Top of Input for this task

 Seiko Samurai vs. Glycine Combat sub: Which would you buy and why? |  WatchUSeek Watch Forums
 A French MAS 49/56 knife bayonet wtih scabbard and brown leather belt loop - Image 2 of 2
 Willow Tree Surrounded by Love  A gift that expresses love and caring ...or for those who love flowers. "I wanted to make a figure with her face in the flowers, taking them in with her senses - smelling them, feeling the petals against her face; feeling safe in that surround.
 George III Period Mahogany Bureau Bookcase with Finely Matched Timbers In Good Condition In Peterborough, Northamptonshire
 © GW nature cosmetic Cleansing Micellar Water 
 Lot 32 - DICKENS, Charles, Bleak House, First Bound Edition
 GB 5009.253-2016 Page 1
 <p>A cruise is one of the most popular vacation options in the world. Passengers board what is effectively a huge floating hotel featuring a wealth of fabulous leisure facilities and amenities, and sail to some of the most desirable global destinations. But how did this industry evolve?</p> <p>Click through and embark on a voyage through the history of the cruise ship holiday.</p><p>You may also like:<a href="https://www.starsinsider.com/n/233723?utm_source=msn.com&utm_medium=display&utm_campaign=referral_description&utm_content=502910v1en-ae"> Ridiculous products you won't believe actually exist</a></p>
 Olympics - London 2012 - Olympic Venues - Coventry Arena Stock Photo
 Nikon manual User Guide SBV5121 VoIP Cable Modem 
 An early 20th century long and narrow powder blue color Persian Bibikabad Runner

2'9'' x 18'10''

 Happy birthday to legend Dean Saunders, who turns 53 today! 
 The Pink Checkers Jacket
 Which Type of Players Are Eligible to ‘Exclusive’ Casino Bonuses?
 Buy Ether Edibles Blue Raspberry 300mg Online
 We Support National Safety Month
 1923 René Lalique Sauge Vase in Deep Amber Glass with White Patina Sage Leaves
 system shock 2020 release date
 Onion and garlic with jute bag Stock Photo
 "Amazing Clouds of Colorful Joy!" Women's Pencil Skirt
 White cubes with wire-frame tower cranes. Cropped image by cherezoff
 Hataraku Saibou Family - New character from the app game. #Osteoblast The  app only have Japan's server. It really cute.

Bottom of Input for this task

• [What this task involves]:
The answer must be the line containing "Which Type of" and every line after it through the end of the records, repeated exactly.

• [Problem solution]:
 Which Type of Players Are Eligible to ‘Exclusive’ Casino Bonuses?
 Buy Ether Edibles Blue Raspberry 300mg Online
 We Support National Safety Month
 1923 René Lalique Sauge Vase in Deep Amber Glass with White Patina Sage Leaves
 system shock 2020 release date
 Onion and garlic with jute bag Stock Photo
 "Amazing Clouds of Colorful Joy!" Women's Pencil Skirt
 White cubes with wire-frame tower cranes. Cropped image by cherezoff
 Hataraku Saibou Family - New character from the app game. #Osteoblast The  app only have Japan's server. It really cute.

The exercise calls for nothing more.